Provided material:
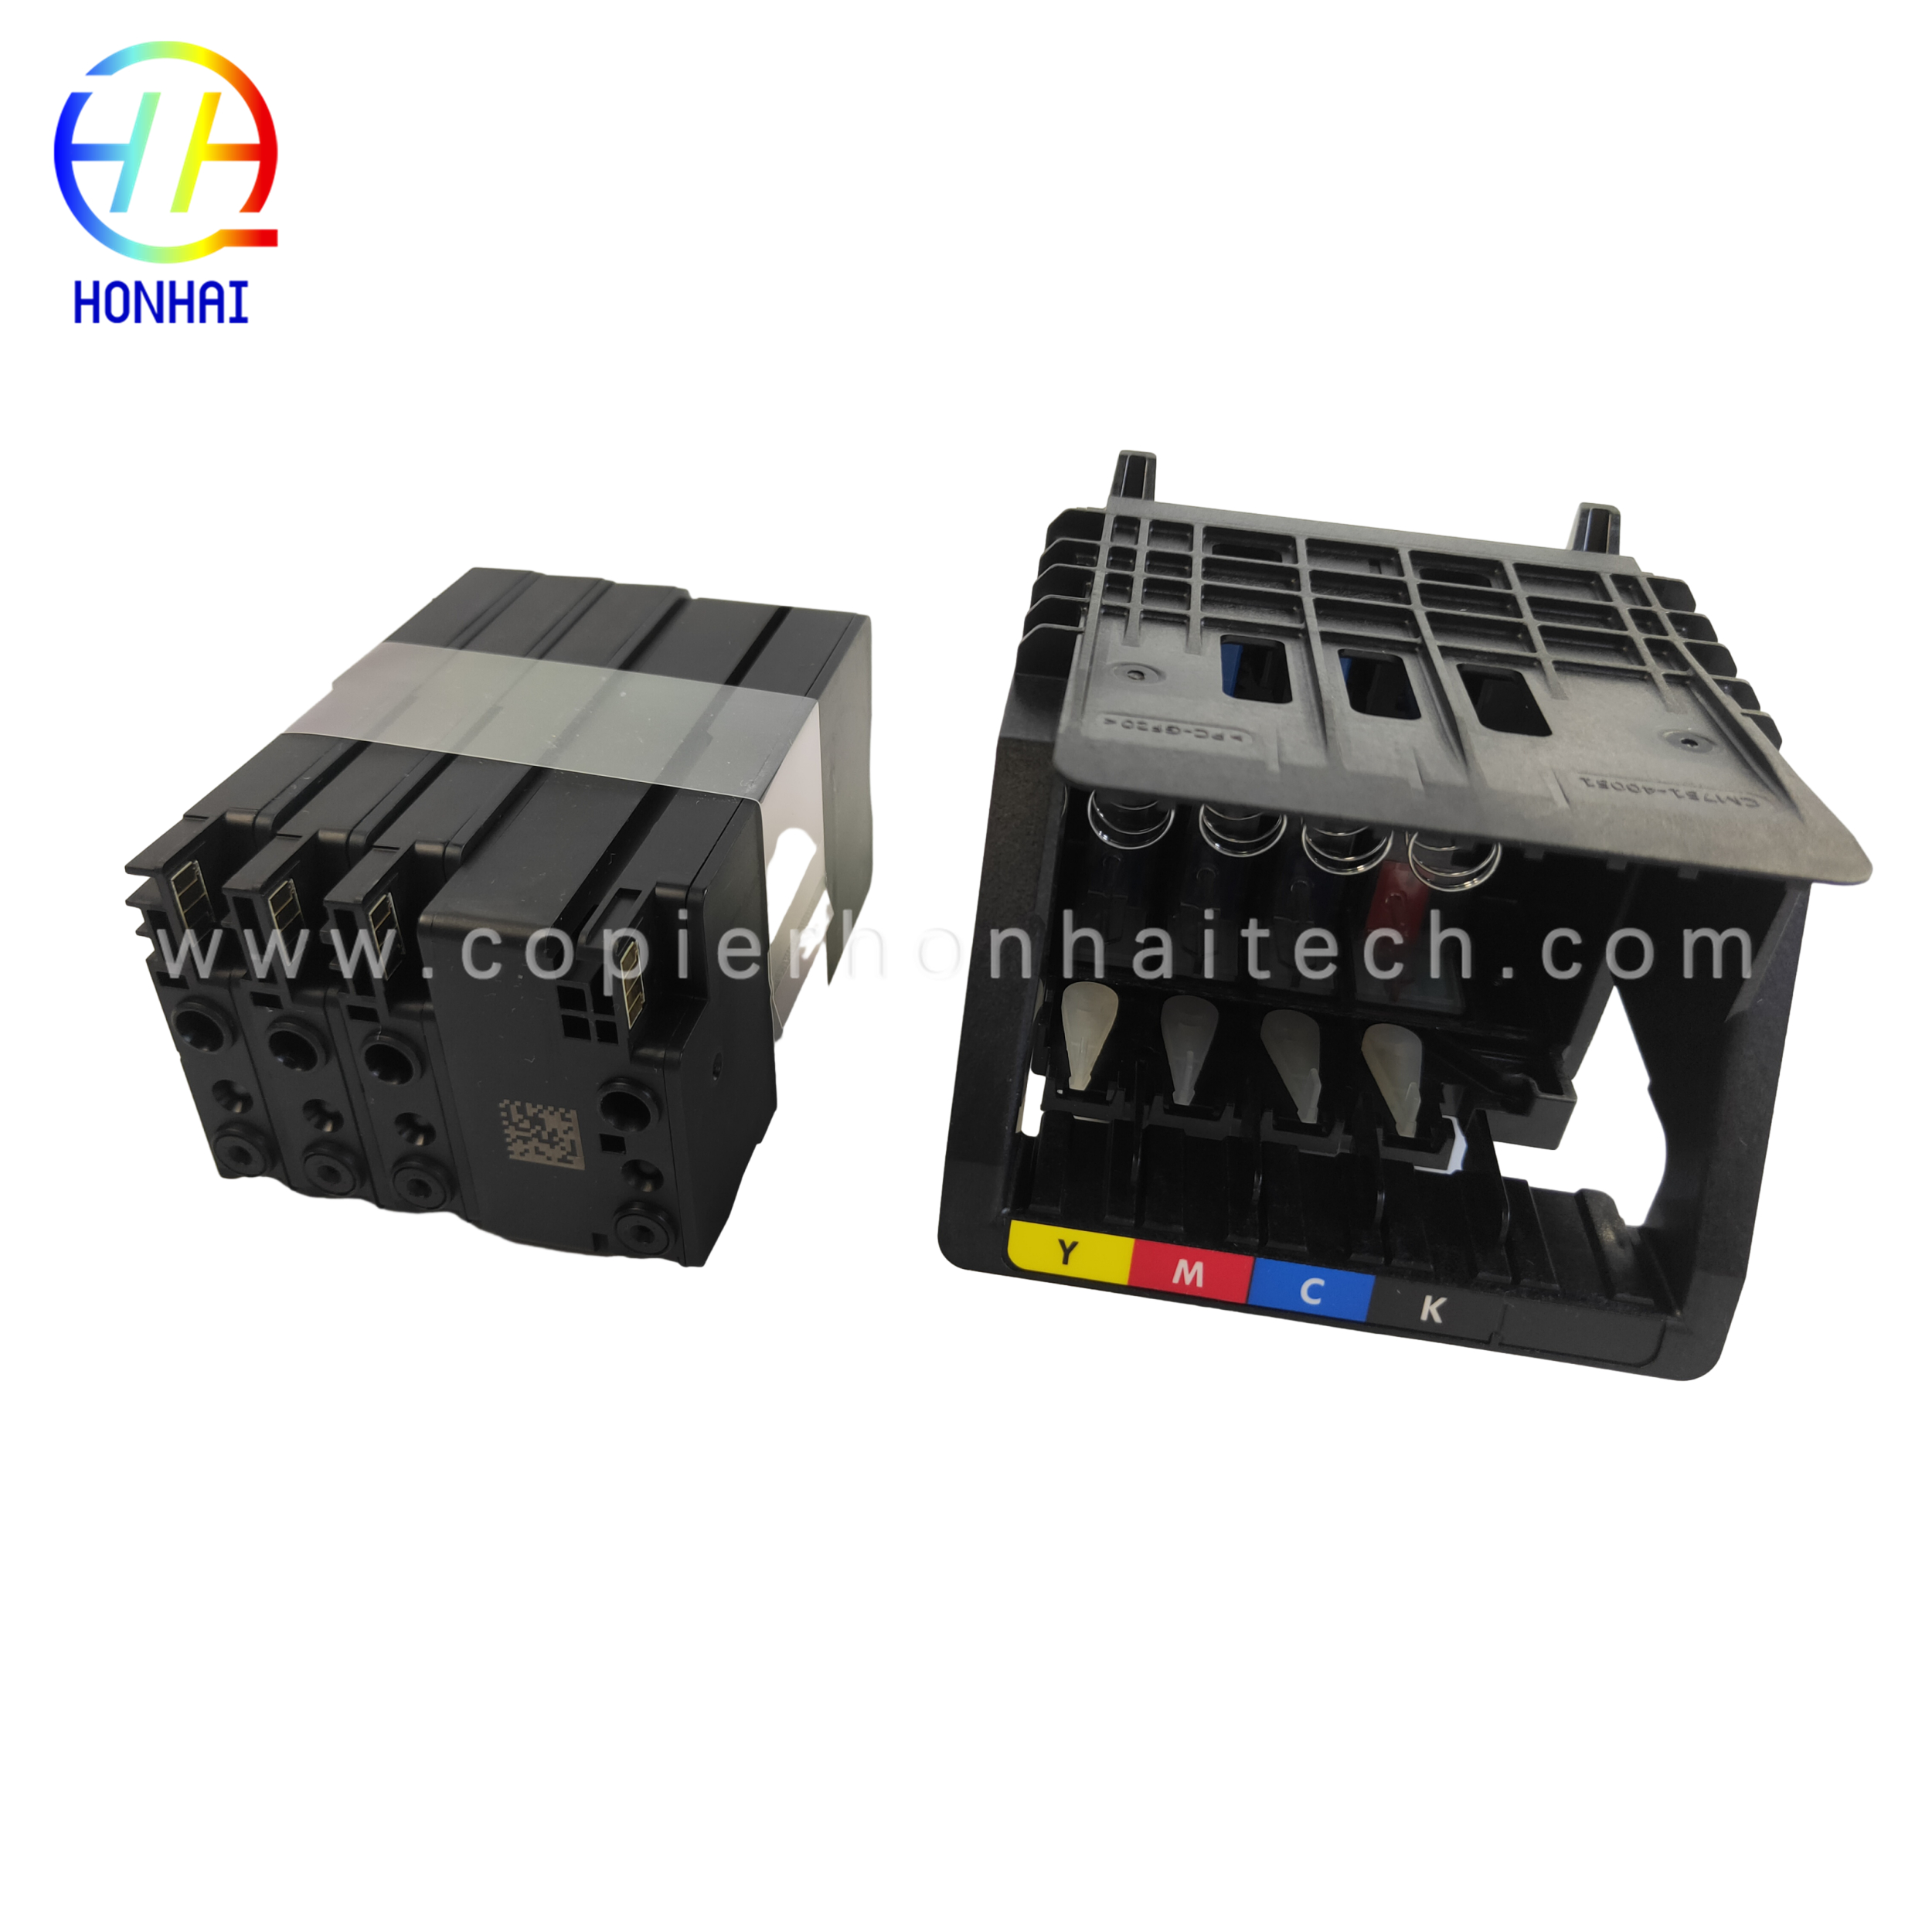 https://www.copierhonhaitech.com/origen-new-designjet-printhead-replacement-kit-3ed58a-for-hp-713-designjet-t650-t630-t230-t210-studio-plotter-printers-black-product/
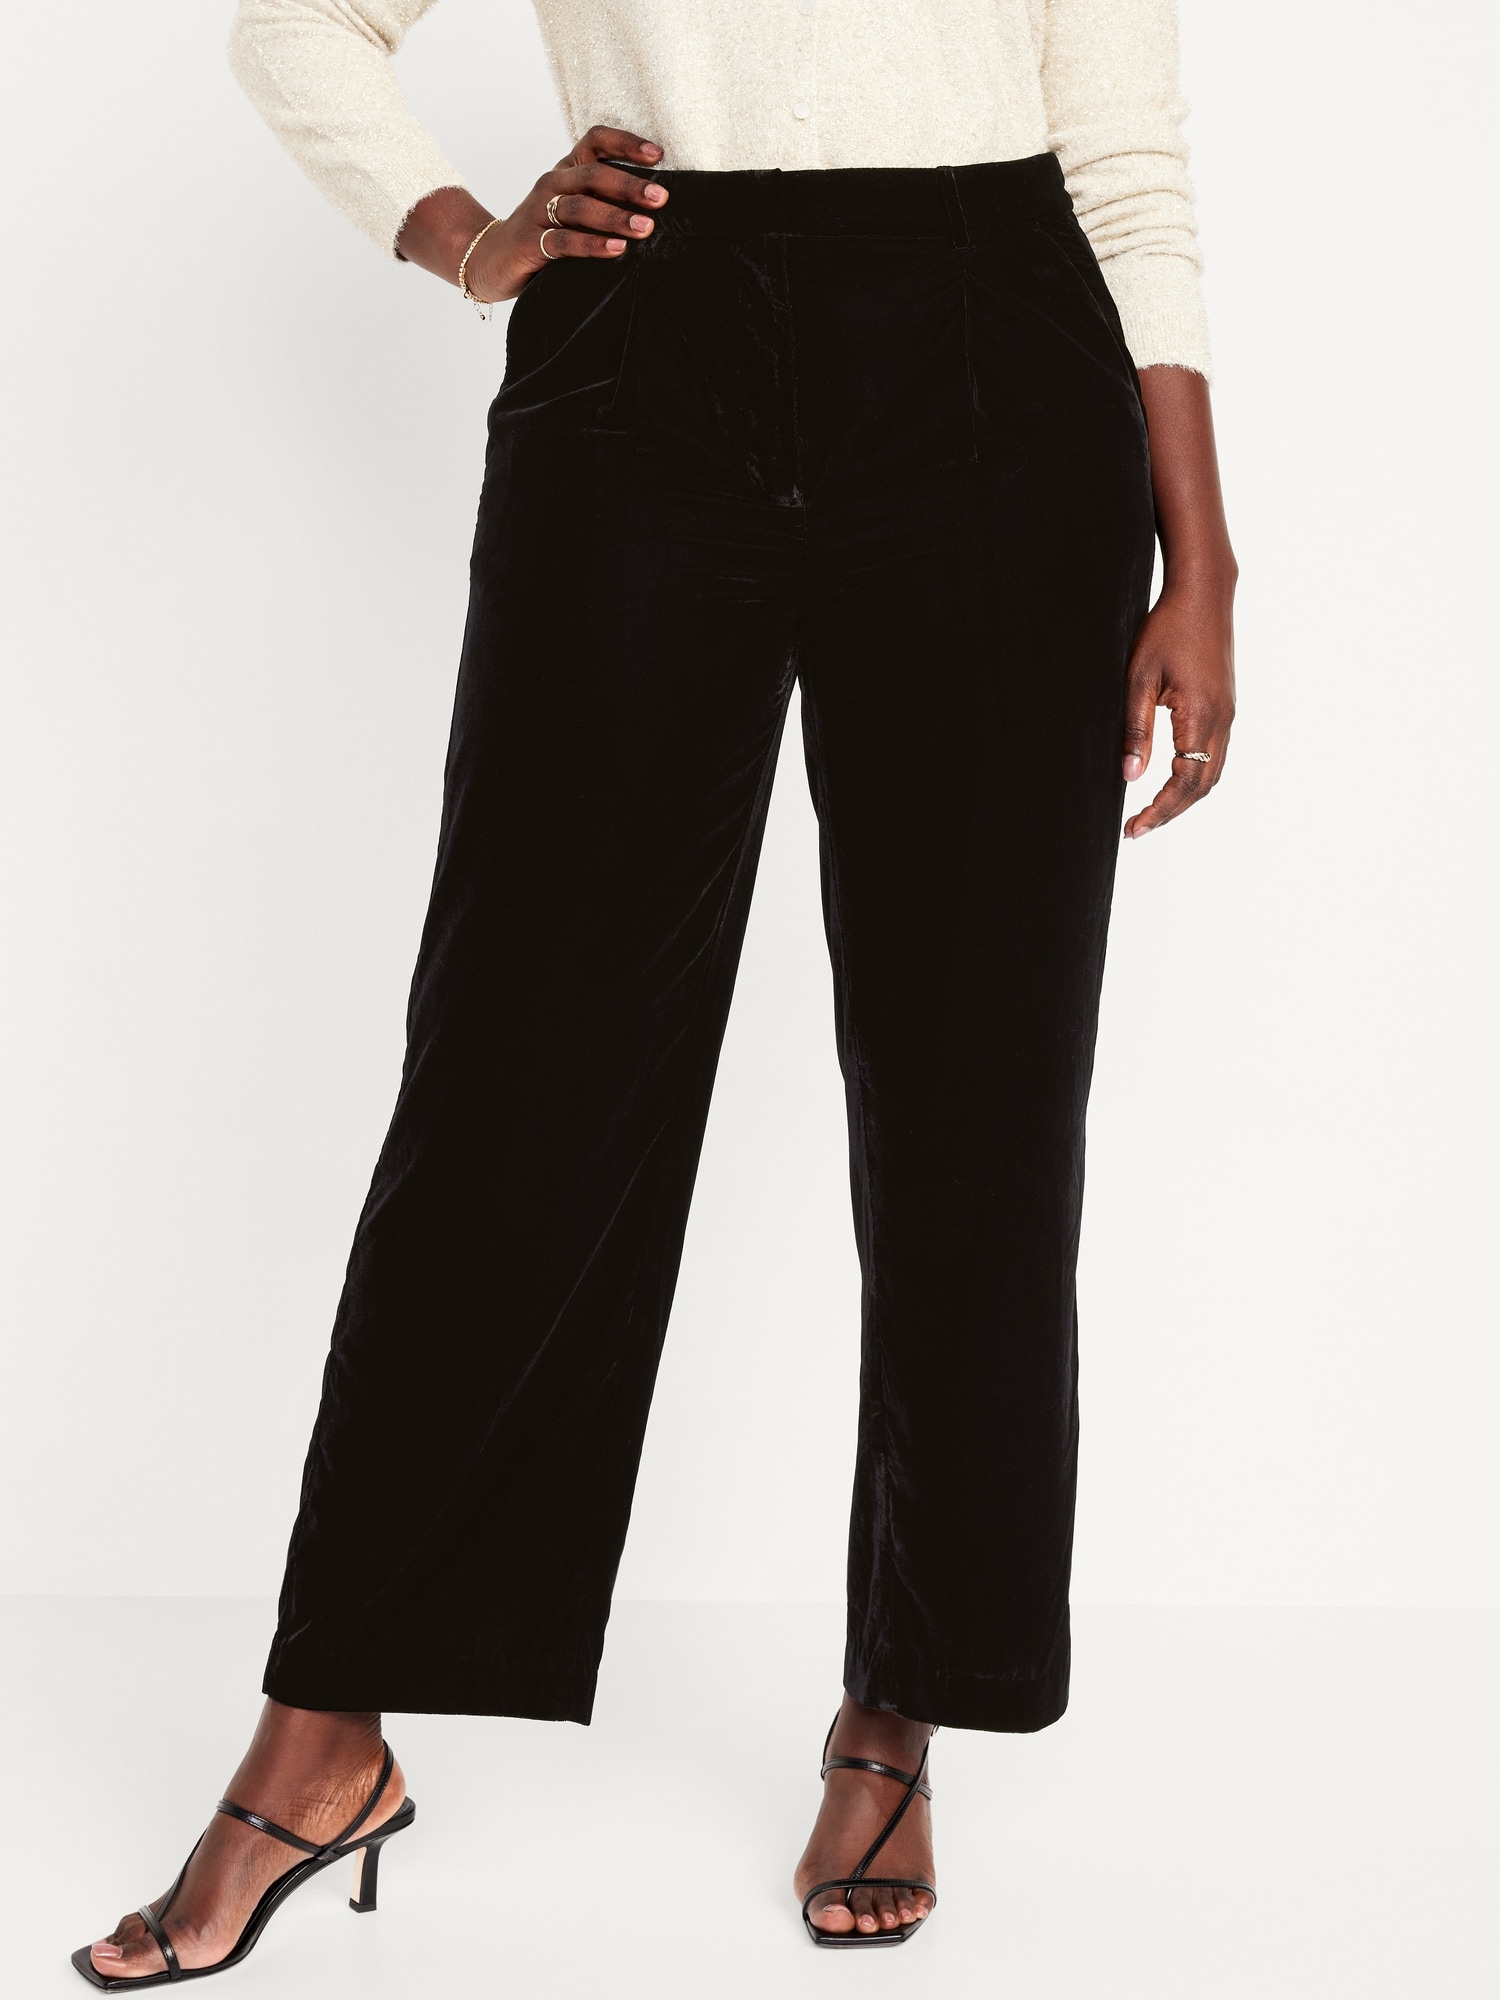 Buy Women Black Velvet Straight Pants Online At Best Price
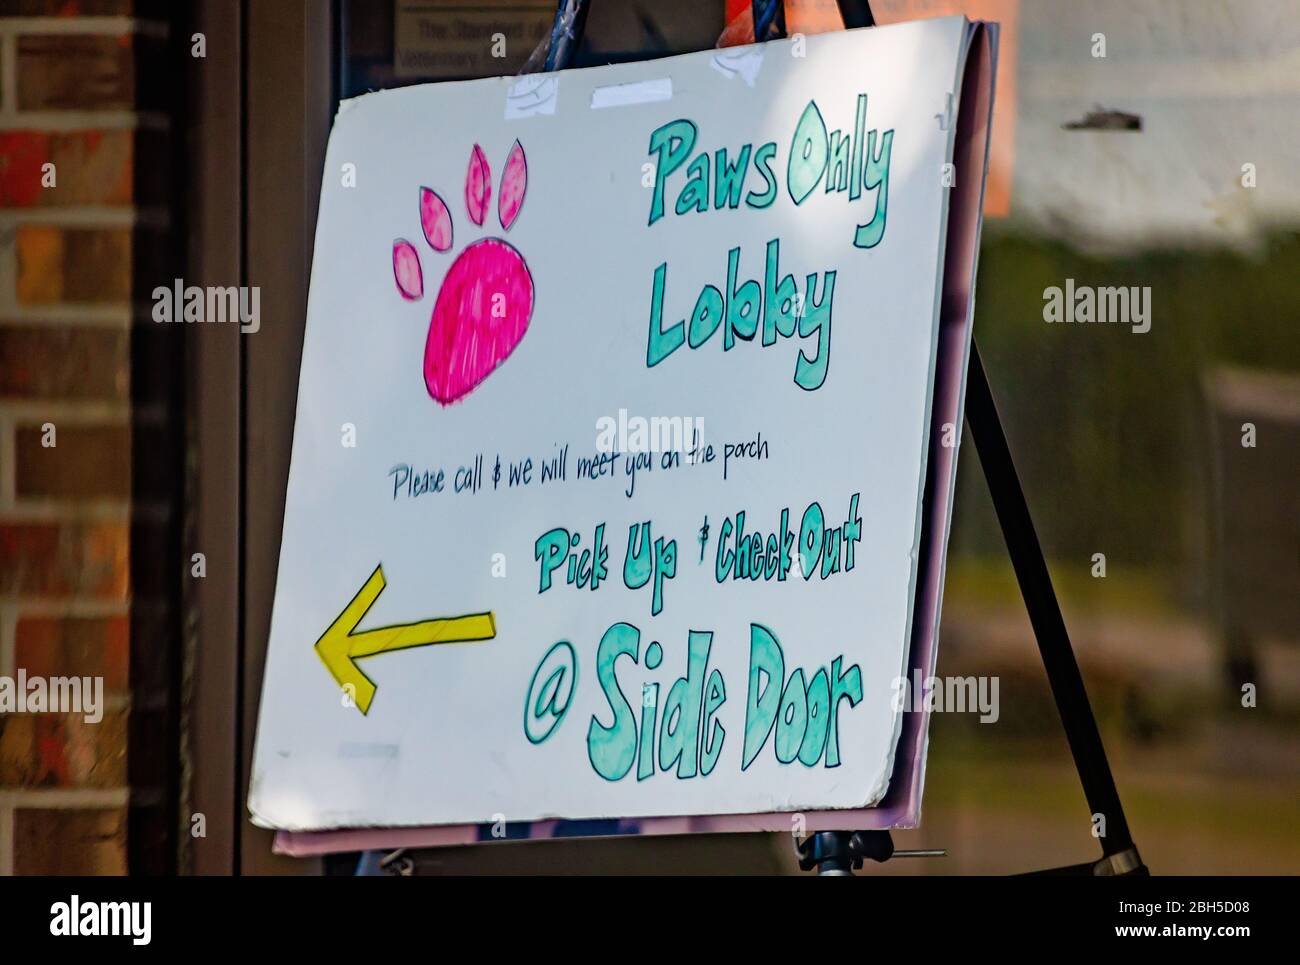 Un panneau à un hôpital local pour animaux annonce son « lobby pour animaux uniquement » lors de la pandémie COVID-19, le 21 avril 2020, à Mobile, Alabama. Banque D'Images

Instructions for the task: When you reach the line that contains "Buy Women Black", start copying the listing word for word and stop only after its last line, without any pictures.

Task output:
 Buy Women Black Velvet Straight Pants Online At Best Price
 Un panneau à un hôpital local pour animaux annonce son « lobby pour animaux uniquement » lors de la pandémie COVID-19, le 21 avril 2020, à Mobile, Alabama. Banque D'Images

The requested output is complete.